What We Need has functioned as a journal for me over the years, and in my draft folder there’s almost 100 starts that I never published (if you don’t know the meaning behind the title, here is an explanation: Just what do we need, exactly?). As I read through those drafts I am often startled at what I find. They are full of pain and hopelessness and desperation. It doesn’t match what I feel now, but I admit to feeling more than a bit anxious at the thought of C’s return home.

Anxious enough that during a session with Therapist NC and Hubs last week to discuss the “coming home plan,” I found myself admitting that I don’t really want C to come home. It’s not really about C himself, it’s more about not wanting to return to the way things were…or gradually doing so and not realizing it until we are right back where we were before C left.

When I read the old draft of a post (below), I was struck at how much that was our life at the time I wrote it (almost a decade ago), and how much that was our life when C left for treatment last fall. How, I ask myself, did we let it go so long? It astounds me just how painful, just how hopeless, and just how desperate things were for so many years. It’s not as if we didn’t try things – we tried everything. But nothing ever worked. Therapy, meds, interventions, home visits, school changes, homeschooling, living near relatives, living in social neighborhoods with lots of kids, signing C up for things…none of it ever did anything to change what was going on in our home.

Therapist NC would say, if I could channel him, that we’ve all done a lot of work in the past six months and there has been great change. I don’t disagree with him, but it is hard to imagine something different when things have been so much the same for so long.
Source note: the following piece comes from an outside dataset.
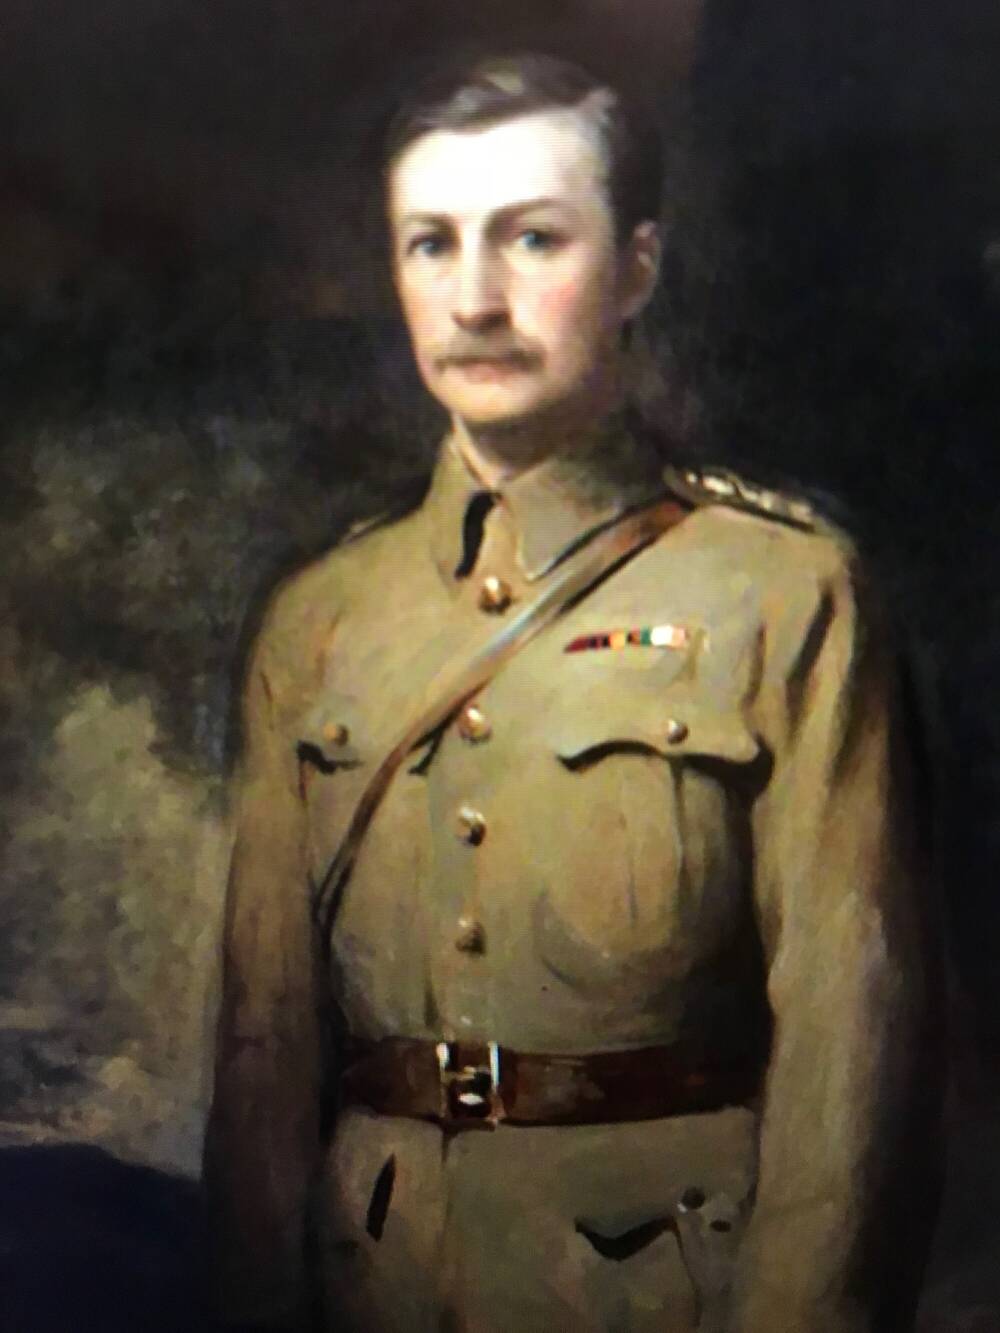 Portrait of a man in army uniform.

So once again, here I sit, feeling a bit anxious, with good reason to be, but also with some hope – again, with good reason to feel some. The trick will be – as it always is – to find the balance between my expectations and my own self-awareness, with a good dose of hoping I’ll know where the line is so that another decade doesn’t go by with us living so far across the line we can’t even see it any longer.

From 2011…Still, here I sit tonight, completely and utterly perplexed as what to do next. I have a child whose combativeness and behavior are at a crisis point. It starts in the morning when he wakes up, continues from the moment I pick him up after school, and rarely settles before bedtime. With every fiber of his being, C is screaming that he needs something, and we are all at a loss for what it is. While we try and figure it out, I try to ignore the venom directed my way and tell myself it’s not C. I try to stay calm while he screams, relentlessly, about how he doesn’t want to stand here, there, or anywhere. It’s that unreasonable. He’s like a gnat that won’t go away, and he follows me around, forcing my attention, until I lock myself in my room to escape his wrath. Then he starts trying to kick down the door. Yes, we are in an almost emergency state, our little family, and we are failing at being a family. We are at the point where there’s going to be some intervention, and I only hope the intervention comes on our terms instead of some random person walking down the street calling CPS because they hear what sounds like a tortured child.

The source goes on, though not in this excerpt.